Most of the rest of Sunday went in a nice post-high from the talk. When FOSDEM was over, I happened to meet three random people and went with them for dinner and afterwards they kindly drove me to the hotel. We got nicely lost, again, and stopped several time to ask for directions. The one saying "follow the tram" helped us most.

Cow at Brussles airport

Möö (loosely translated as "moo" for the benefit of English speaking cows).

On Monday, I checked out from the hotel early, and wandered around in Brussels for a few hours. I saw Manneken Pis (utterly boring) and failed to visit museums (the ones I found were closed). Carrying around a heavy backpack and a hefty SLR with accessories in a shoulder bag turned out to be too much for my back. I ended up going to the airport many hours before my flight left, and even a couple of hours before I could check in. As you can see in the picture above, however, I had good company.
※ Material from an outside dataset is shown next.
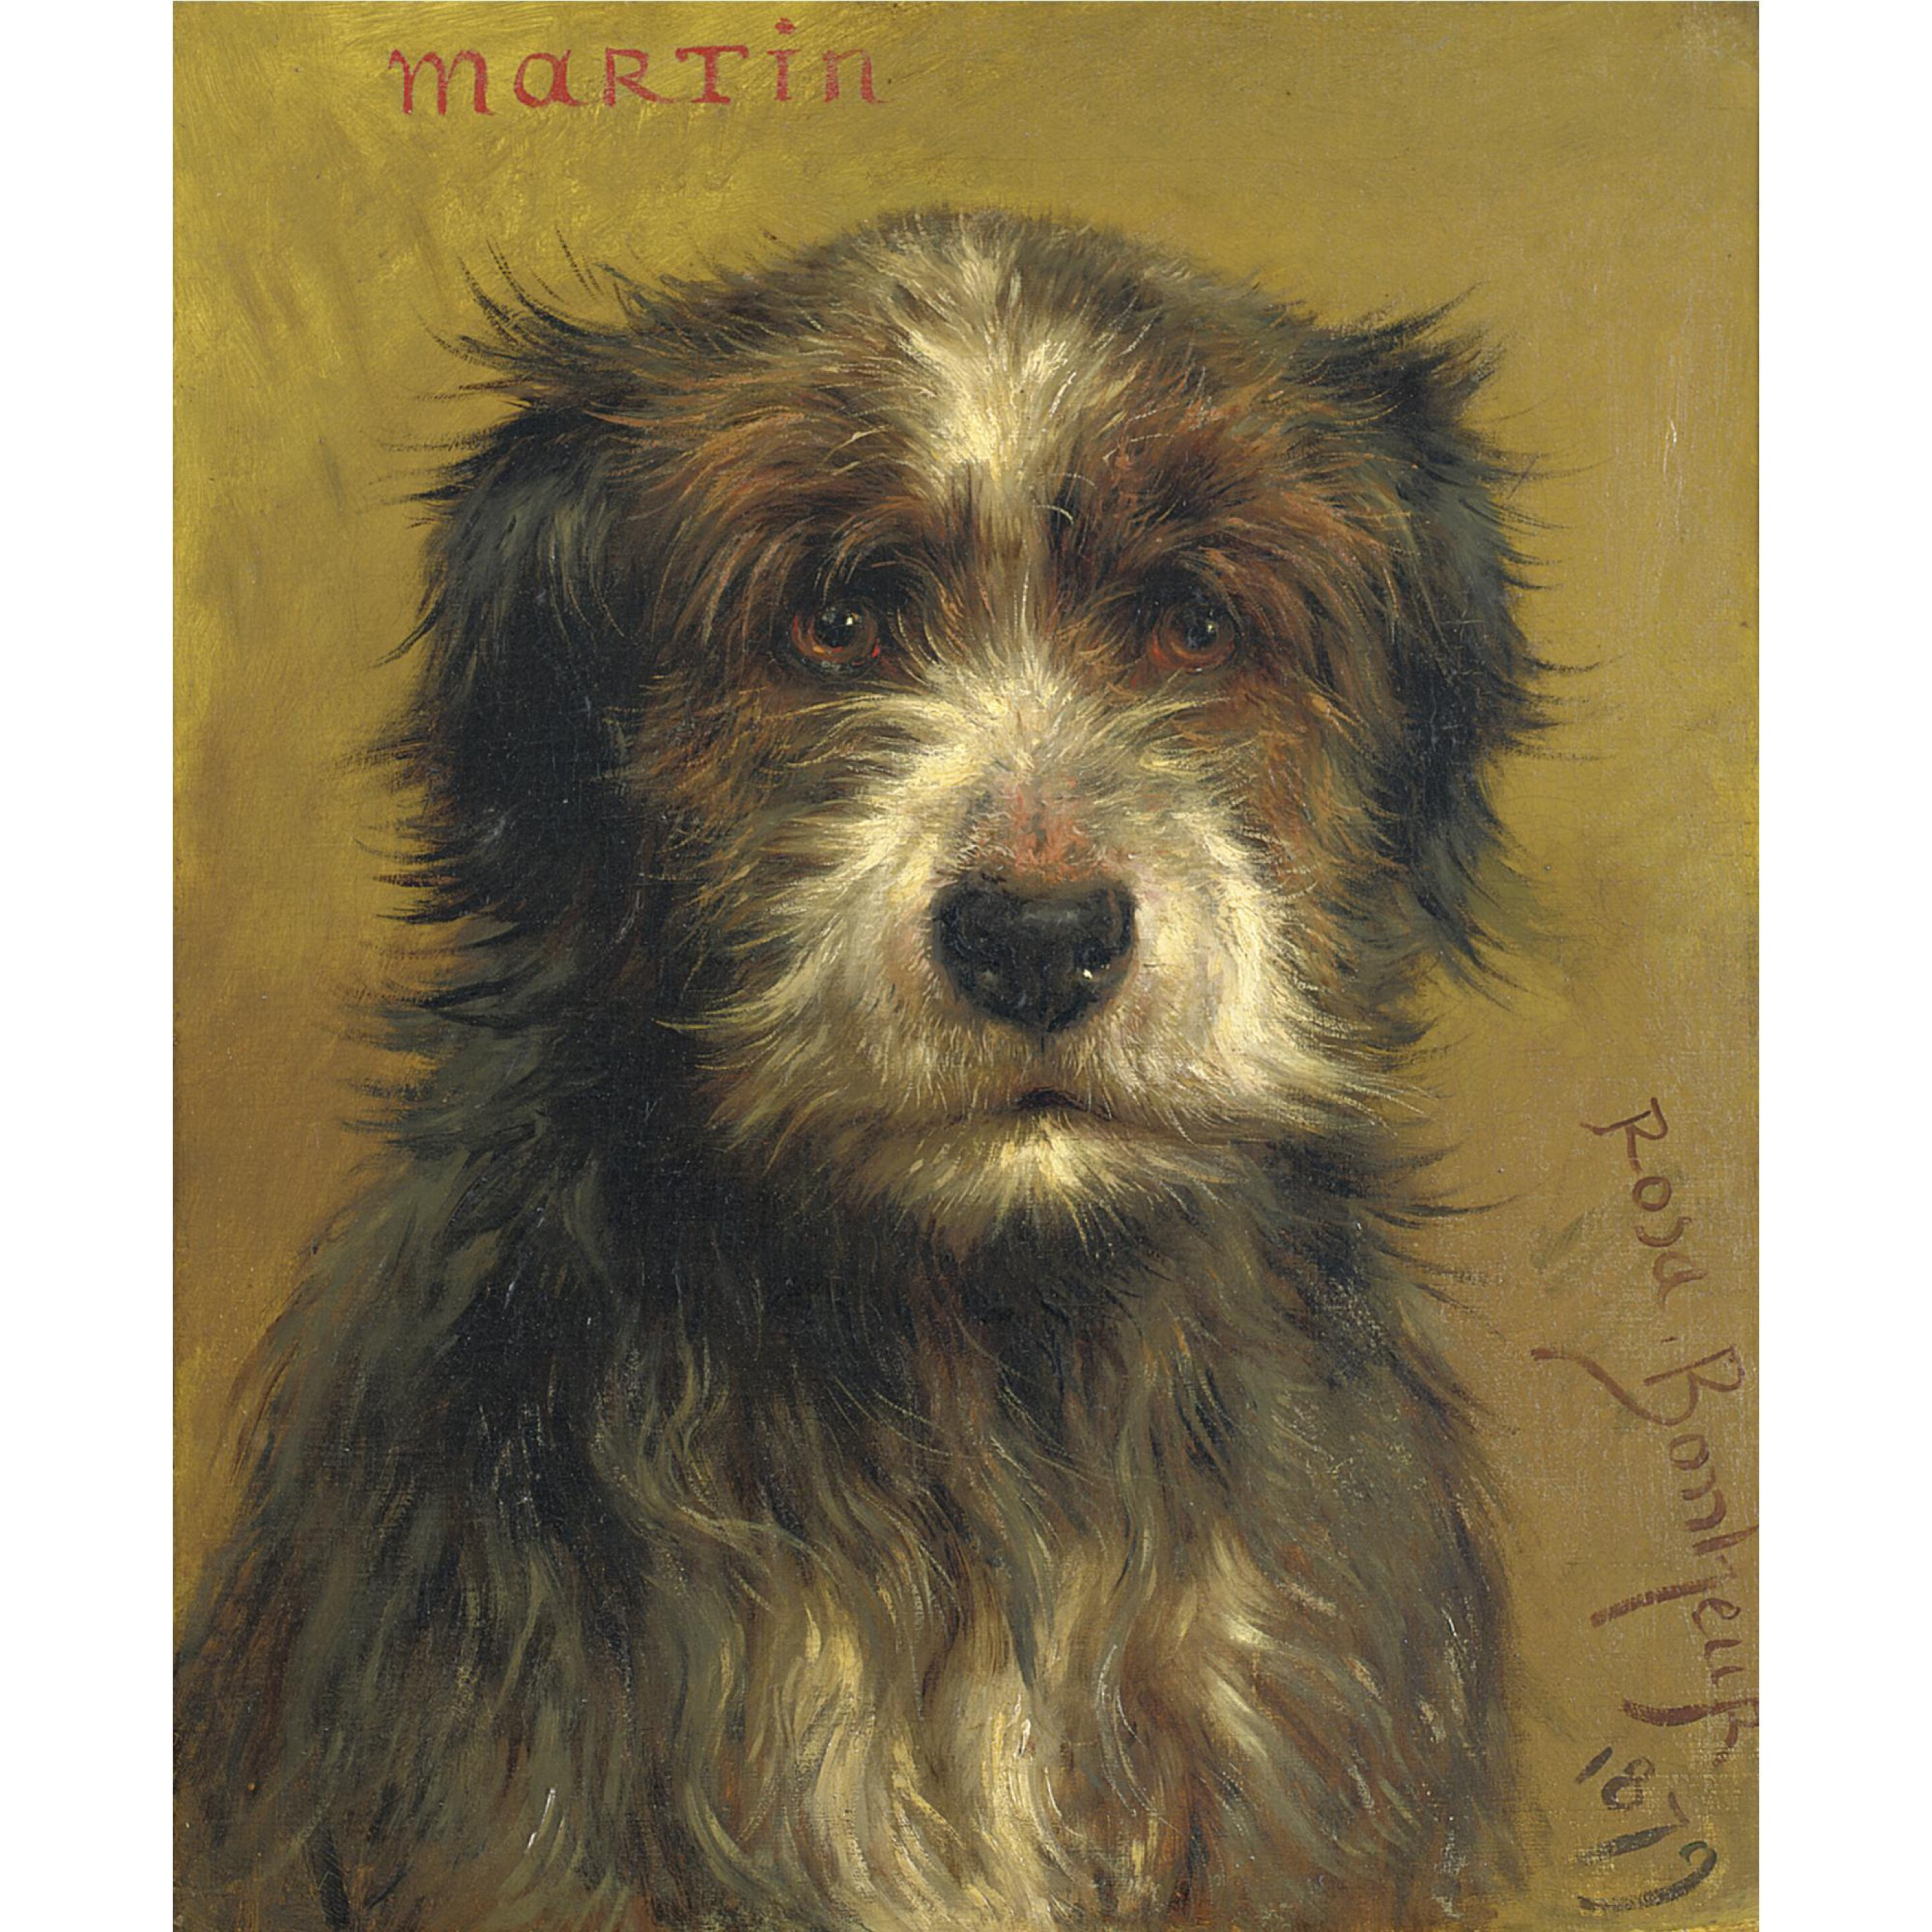 Martin, um terrier by Rosa Bonheur - 1879 - 47 x 37,2 cm coleção privada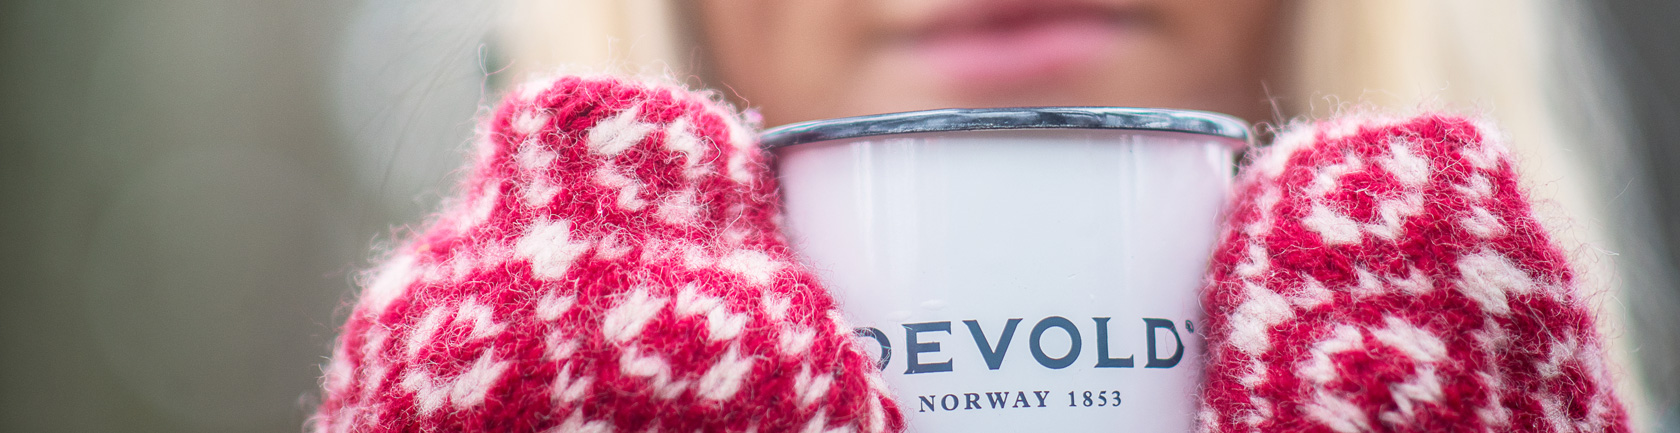 of - Norway Handschuhe Devold

A company that wasn't as good, however, was Proximus. They operate the wireless LAN at the Brussels airport and you can by access to it for ten euros per hour (after you find the right place; the airport guide has the wrong information). Proximus has created a set of login pages that do not work with any of the browsers I have installed on my computer. They probably work with MS Internet Explorer, but the mess of JavaScript and broken HTML didn't even let me get through the "choose a language" page. I opened the source and parsed the code by hand, then guessed at the URL and eventually did get to the page where you are expected to enter a username and GSM phone number, although it didn't work, either. Yes, you read right: in order to use the Interent, you must have a GSM phone number capable of receiving SMS messages. How anyone operating an ISP can be so clueless I do not know, but there you are.

If anyone wants a free one hour of wireless LAN access at Brussels airport, the following code might work (unless someone has already used it): J8G4P816K. Set your SSID to "Proximus Wireless LAN" and go to http://wlan.proximus.be and eventually, if their pages happen to work, you should find the place where to enter the above code.

On the whole, this was a really nice trip. I'll have to start preparing better for future ones, and I totally failed to document things with photographs, but those are minor problems. Now I'm really looking forward to Debconf5.